A couple months later, we were at a Padres baseball game back in San Diego. I go to the concession stands to get a hot dog and who do I see? The Fresno Burger King girl. Our eyes met and we exchanged looks of horror, and I walked off to buy a hot dog somewhere else.

If you google on “camera obscura” you should get a pretty good explanation. We went to a similar demonstration recently in a local park, but they just used a big, curtained box. Your experience sounds cooler, literally and figuratively.

Once I was wearing bright red pants and a little kid (about 2 years old) walked up to me and licked my pants. His mother was horrified but I guess they looked delicious.

Years ago I was in Mexico with some friends and driving by we saw what appeared to be a really nice whorehouse. There were all sorts of beautiful women around and some guys trying to hit on them. We decided to go in out of curiosity and ran into another group of Americans there that had also been curious. I got kinda alarmed though when one of them said they’d been told they were going to have to pay some large amout to leave or else they would be beaten up. The guy telling me this seemed very scared. I wasn’t having any of that, rounded up my friends and walked out. At the gate I asked one of the girls what was going on there. Apparently it had been a language /translation problem, no one was in any danger and it wasn’t a whorehouse but a Quinceanera for some girl.

EddyTeddyFreddy - I helped when my vet castrated Irish, too. I held his back leg up.
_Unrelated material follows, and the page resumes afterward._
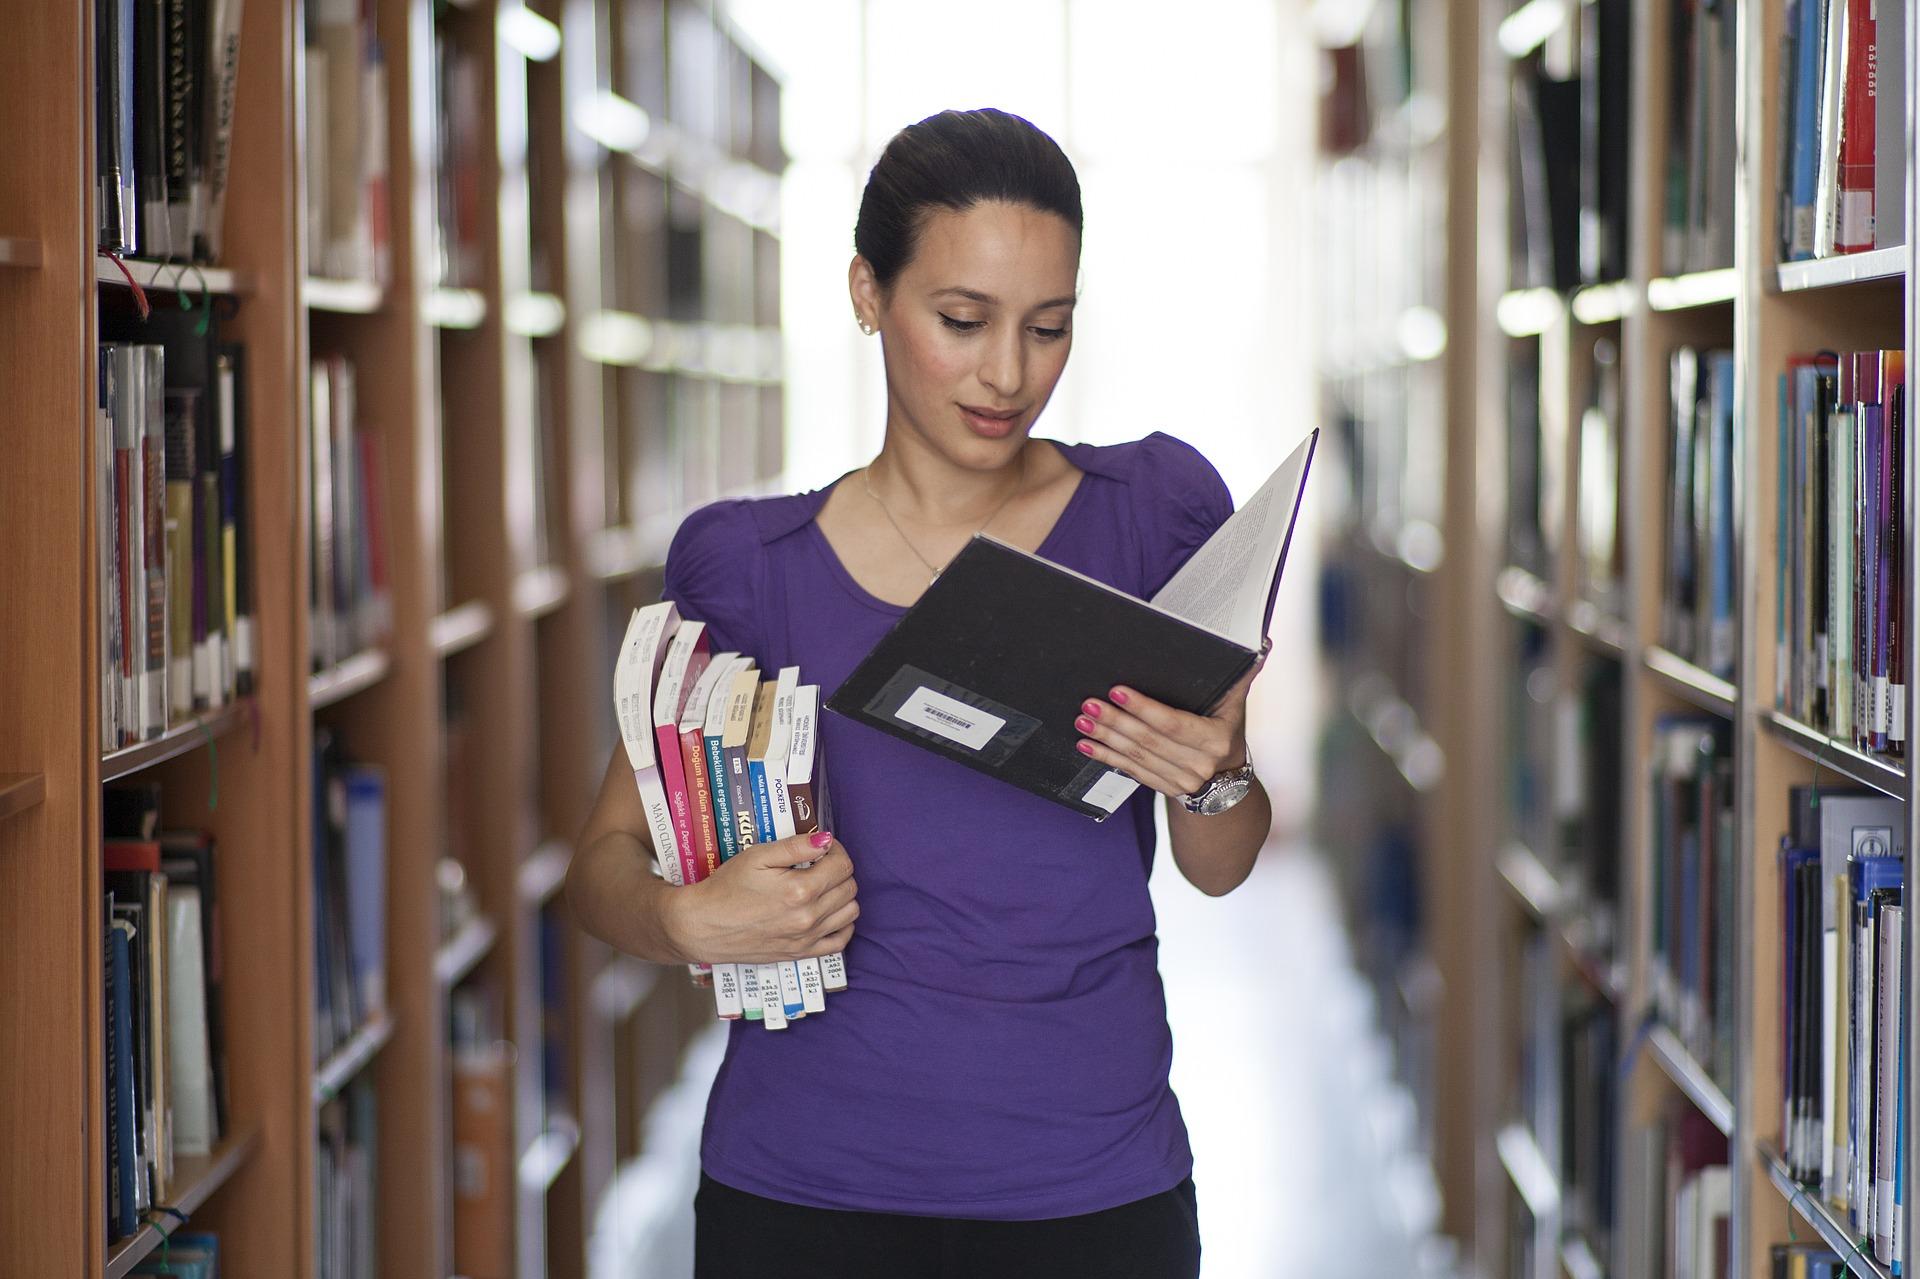 mulher, leitura, preparação, treinamento, aprendizado

About a month ago I was at my small animal vet with a sick dog. The vet is busy - she’s had a boxer come in for an emergency cesaerean. They have puppies coming out the wazoo (if the wazoo is a hole in the abdomen) so I ask if they need any help. I spent the next half hour helping to resuscitate puppies. The boxer ended up having 14 pups, with two being born dead (blocking the birth canal, hence the emergency C-section).

StG

Another wild and weird experience. I was with a small group of people for a float trip down a river in Alaska. We loaded our gear and started to climb into a large prop plane (an “Otter” IIRC). The pilot walks up and looks like Donald Sutherland, unshaven and in a ratty old brown bombers jacket. He pops on an old WWII vintage leather pilots helmet with the large goggles and we take off. I was sitting in the seat next to him with a full view out the windows ahead. As we approach a pass across the Brooks Range he says, “See them elk down there?” I look ahead and see a herd of elk in the pass. “Yeah”, I say. “Watch this!” he yells and puts the plane into a wild dive, throttle wide open, straight at the herd. He pulls up a few yards above the herd and scatters them in all directions, all the while screaming like a banshee! I must have been pale as a ghost! Needless to say, I was very glad to get on the ground again.